Robust Trajectory Generation and Control for Quadrotor Motion Planning with Field-of-View Control Barrier Certification
Lishuo Pan, Mattia Catellani, Lorenzo Sabattini, Nora Ayanian
TL;DR
This work tackles distributed multi-robot coordination under communication-denied conditions with perception uncertainty by proposing a real-time trajectory and control framework certified by High-Order Control Barrier Functions.
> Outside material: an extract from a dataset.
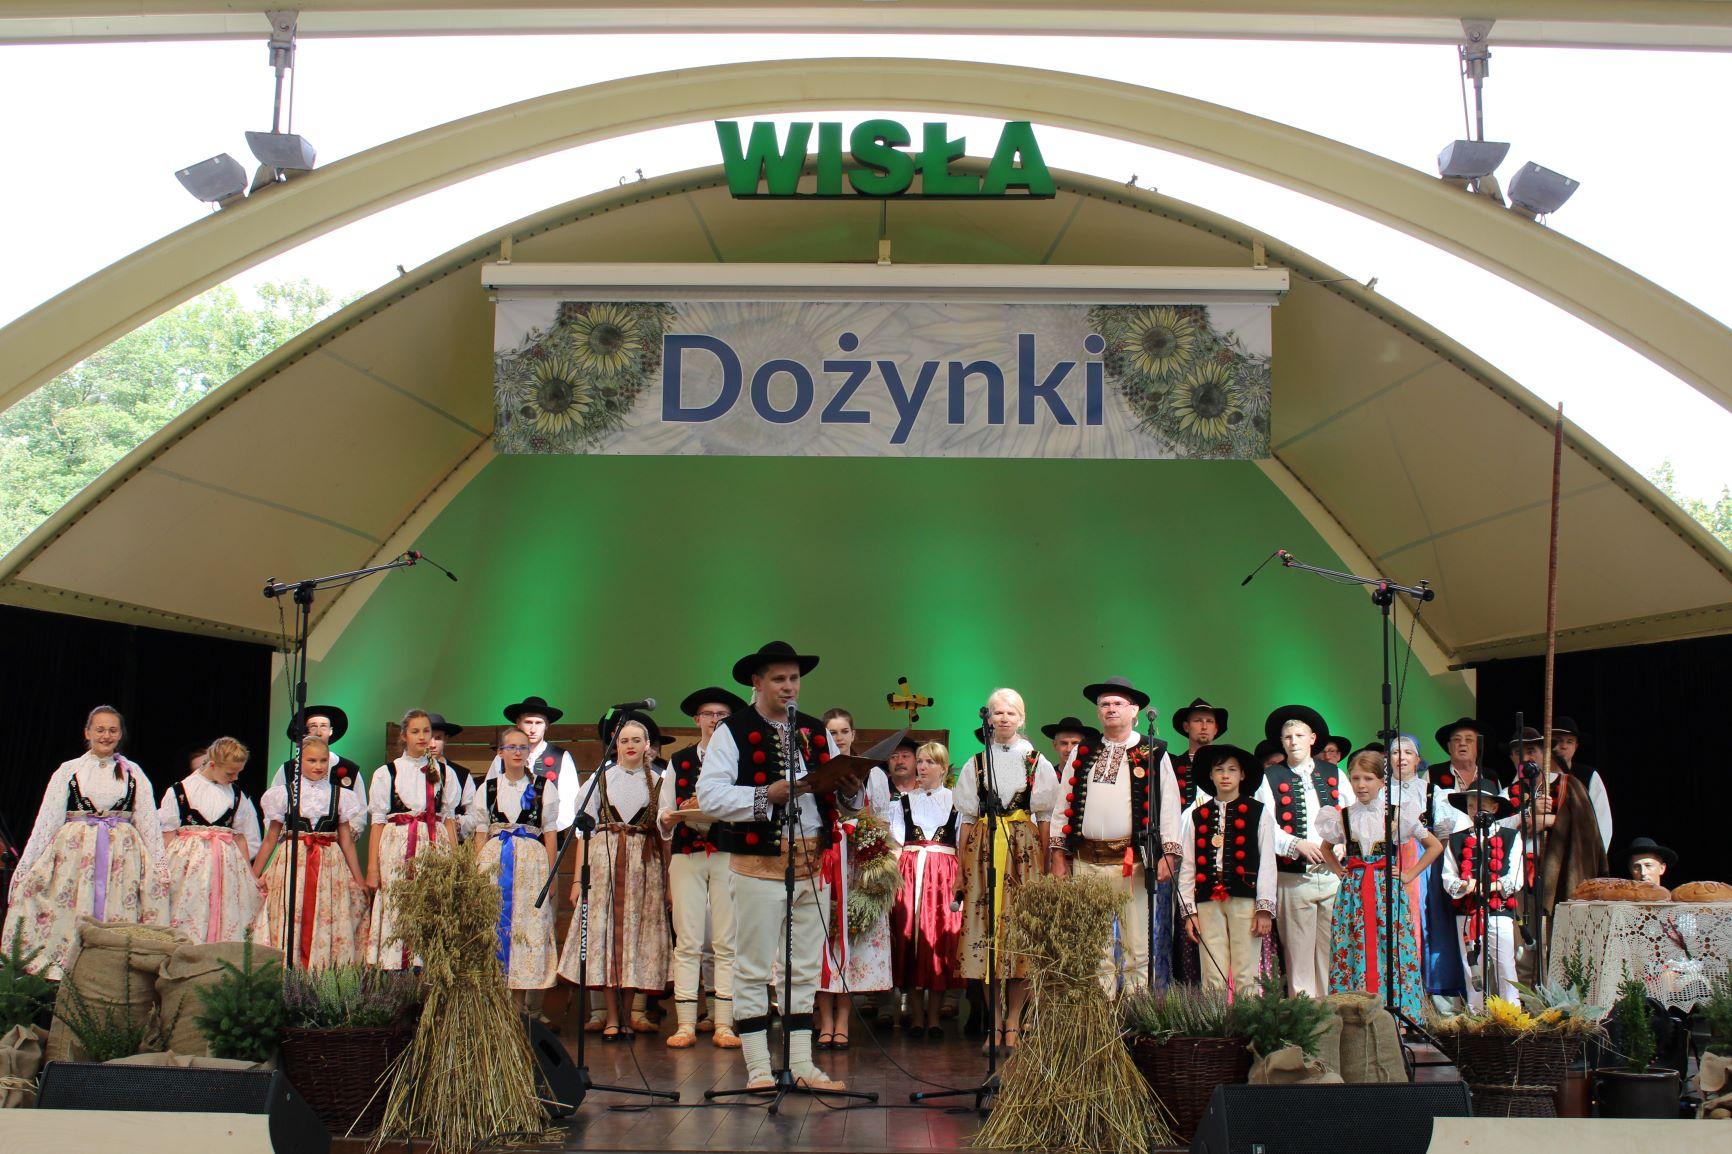 Już w ten weekend w Wiśle odbędą się dożynki!

It unifies continuous-time HO-CBF safety with a discrete MPC-CBF optimization, using a linear surrogate and SQP to generate spline-based trajectories and controls that respect safety and field-of-view constraints at sampled times. The key contributions are a real-time distributed controller that preserves visual contact despite temporary tracking loss, a continuous-time trajectory/controller synthesis certified by CBFs, and an efficient MPC-CBF algorithm that approximates the certified solution for practical deployment. Demonstrated in simulations with up to 10 robots and in physical two-robot UAV experiments, the approach shows robustness to sensing noise, delays, and missed detections, improving task success rates over baseline reactive methods. This enables reliable, sensing-based coordination in environments with limited communications, with significant implications for search-and-rescue, formation control, and autonomous collaboration.
Abstract
Many approaches to multi-robot coordination are susceptible to failure due to communication loss and uncertainty in estimation. We present a real-time communication-free distributed navigation algorithm certified by control barrier functions, that models and controls the onboard sensing behavior to keep neighbors in the limited field of view for position estimation. The approach is robust to temporary tracking loss and directly synthesizes control to stabilize visual contact through control Lyapunov-barrier functions. The main contributions of this paper are a continuous-time robust trajectory generation and control method certified by control barrier functions for distributed multi-robot systems and a discrete optimization procedure, namely, MPC-CBF, to approximate the certified controller. In addition, we propose a linear surrogate of high-order control barrier function constraints and use sequential quadratic programming to solve MPC-CBF efficiently.